Yoav Freund

CS 789 THEORY SEMINAR [home]

Speaker:  Yoav Freund 
Affiliation: Banter, Inc. 
Date: Monday, March 31, 2003
Title: A Black Box Approach to Machine Learning

Abstract:

I will present a new approach to the study and development of machine learning algorithms.

The goal of a learning algorithm is to produce a good decision algorithm for a repetitive decision task. A decision algorithm receives as input an instance (sensory data) and outputs a decision
(an action). After the decision has been made, there is a measurable outcome. We assume the existence of a loss function which quantifies the utility of a decision with respect to an outcome.

My main focus is on binary classification tasks. In this case, the decision is binary, the outcome is binary, and the loss is 1 if the decision and outcome don't match and 0 if they do.

Given these definitions and a source of instances and outcomes, we can evaluate the performance of any decision algorithm. In this way we can ignore the internal workings of the decision algorithm and treat it as a "black box".

The practical advantage of the black-box approach is that it gives us a measuring stick for comparing all types of decision algorithms, regardless of how they are constructed or analyzed. By extension, it gives us a way of comparing all types of learning algorithms.

From a theoretical point of view, the task is to develop and analyze learning algorithms that combine several black boxes into a new box with better performance. The resulting box can then be used as a component in other combining algorithms.

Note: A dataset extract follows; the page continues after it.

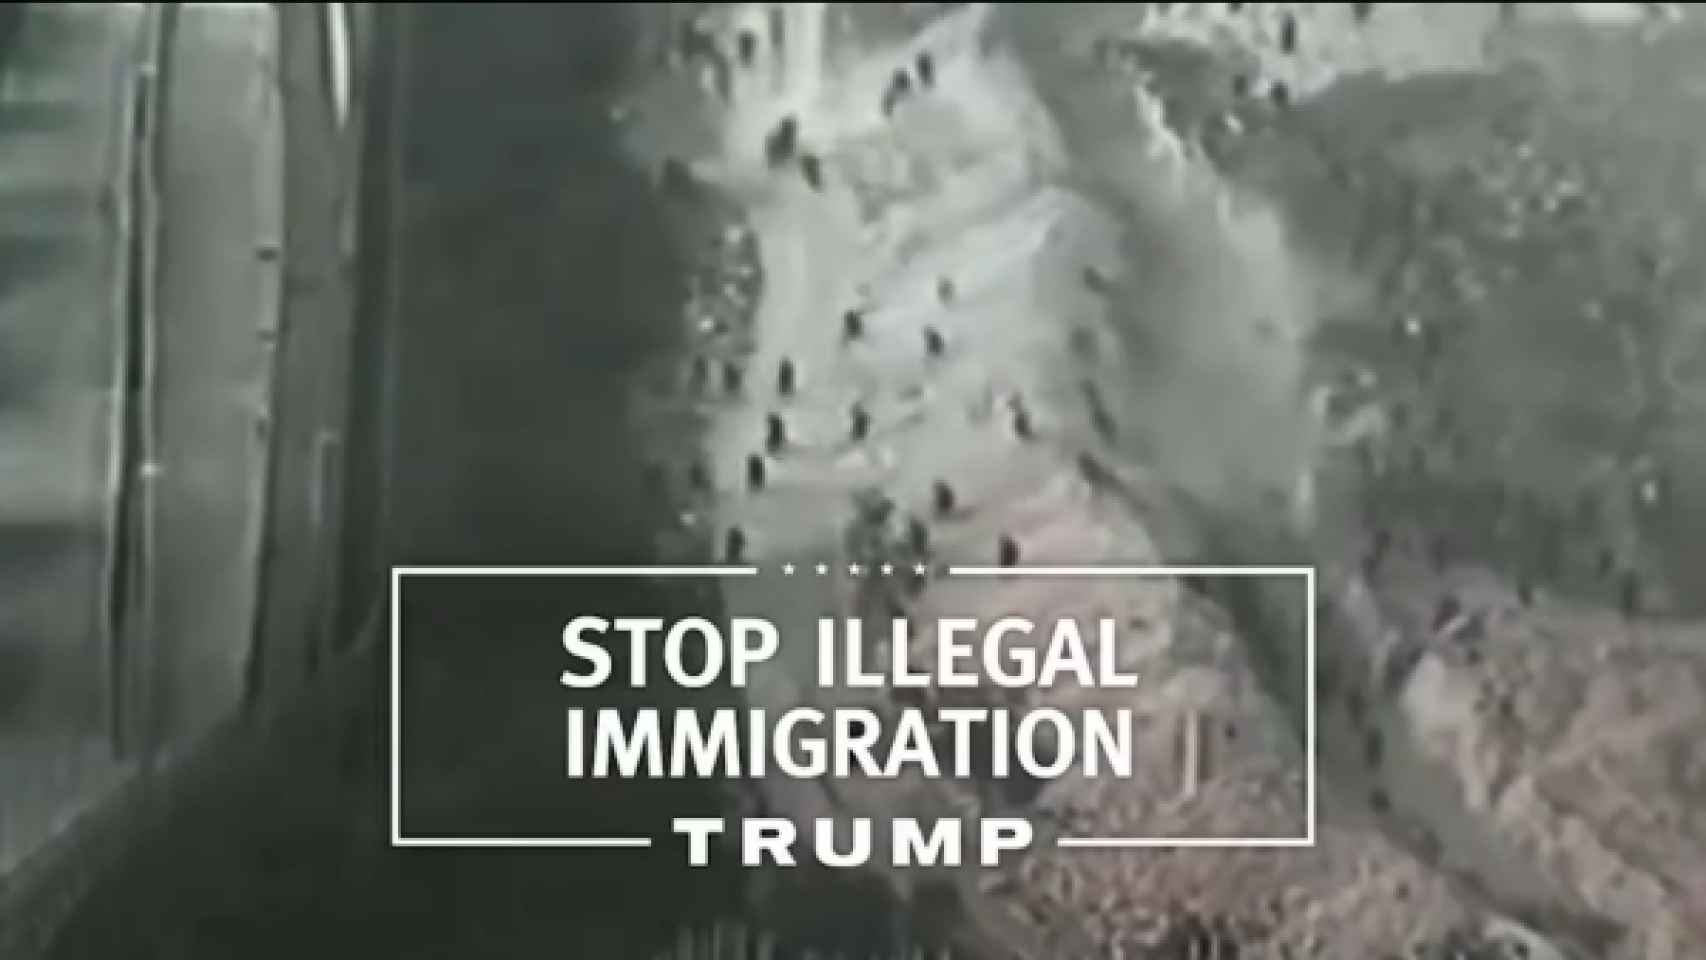 Pantallazo del vídeo con imágenes de Melilla atribuídas a México.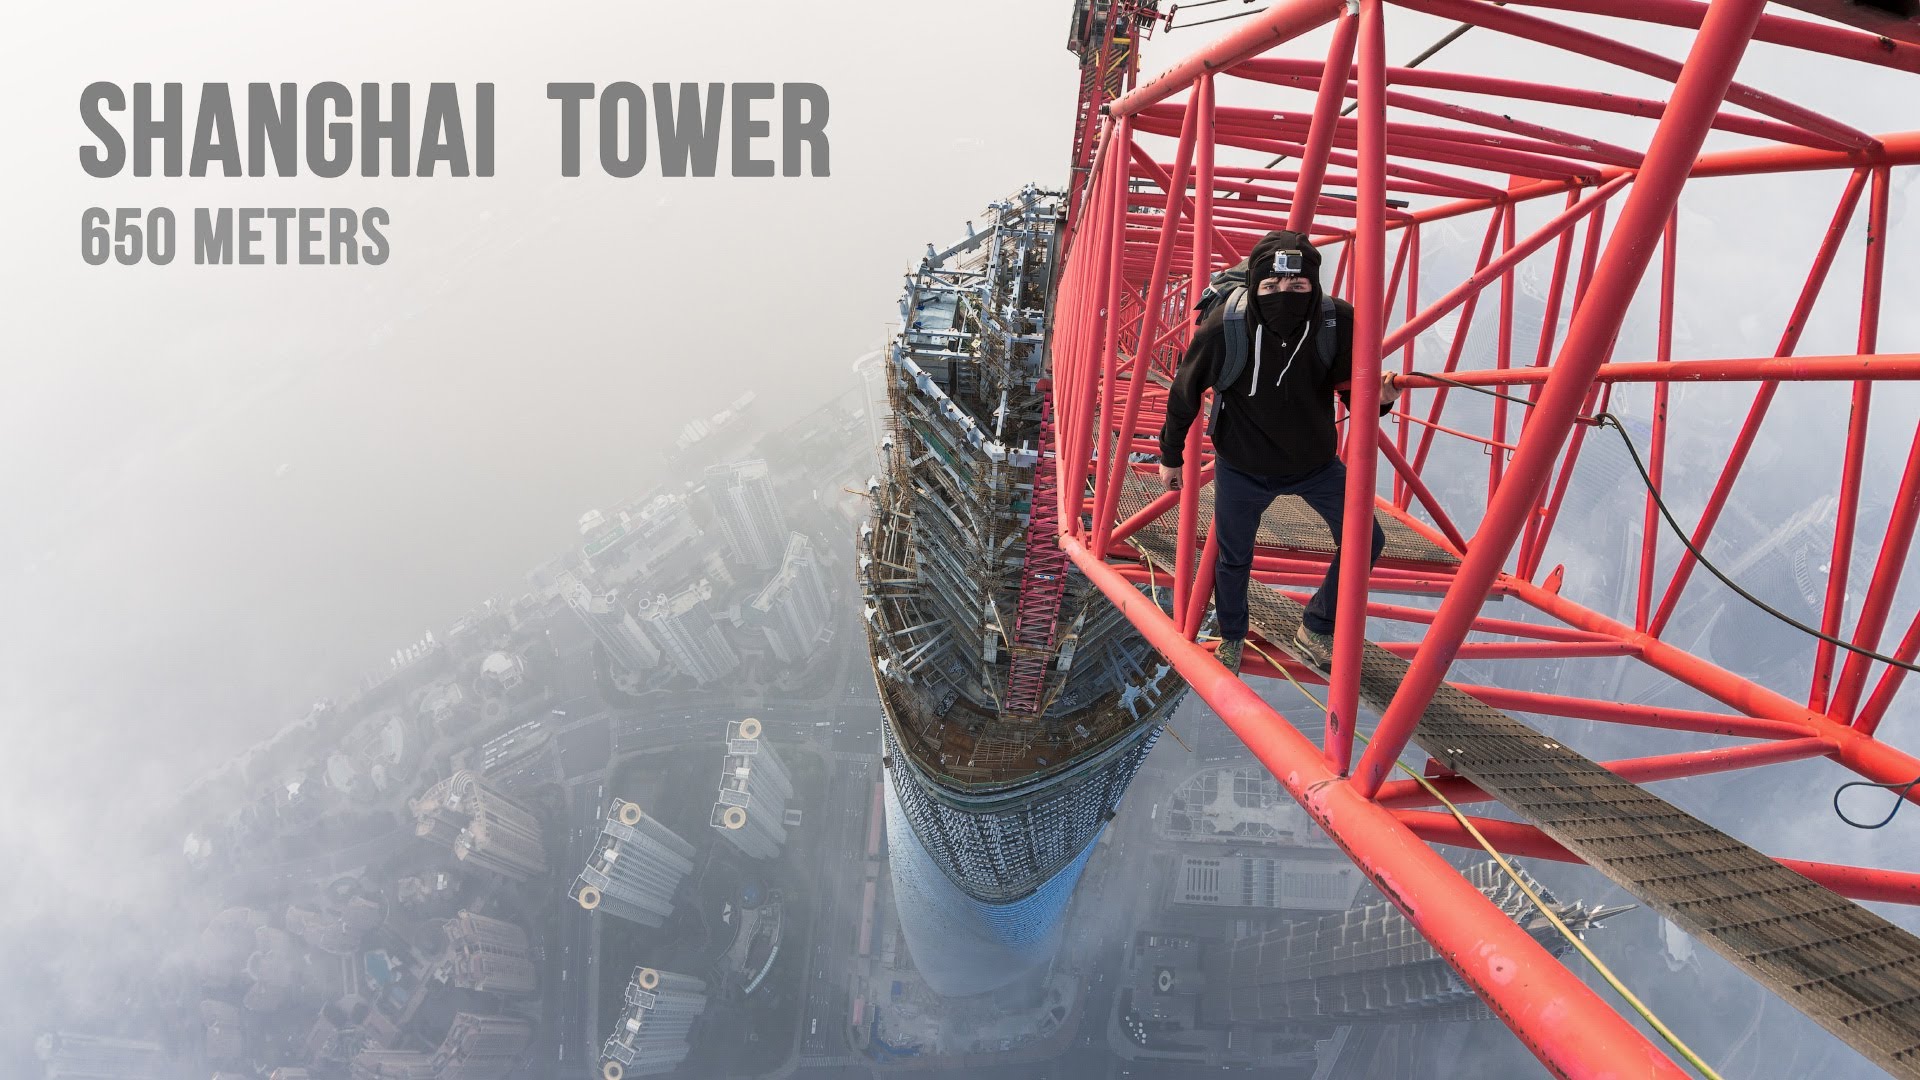 Jeżeli masz lęk wysokości to nawet tego nie oglądaj – Rosjanie na Shanghai Tower

The theoretical guarantees that we prove are relative rather than absolute. Absolute guarantees, which are the norm in theoretical analysis of adaptive algorithms, make detailed assumptions about the data distribution. Instead, we prove bounds which relate the performance of the learning algorithm to the performance of the black-box algorithms it combines. These learning algorithms include boosting, online combining of expert advice, and pseudo-Bayesian averaging.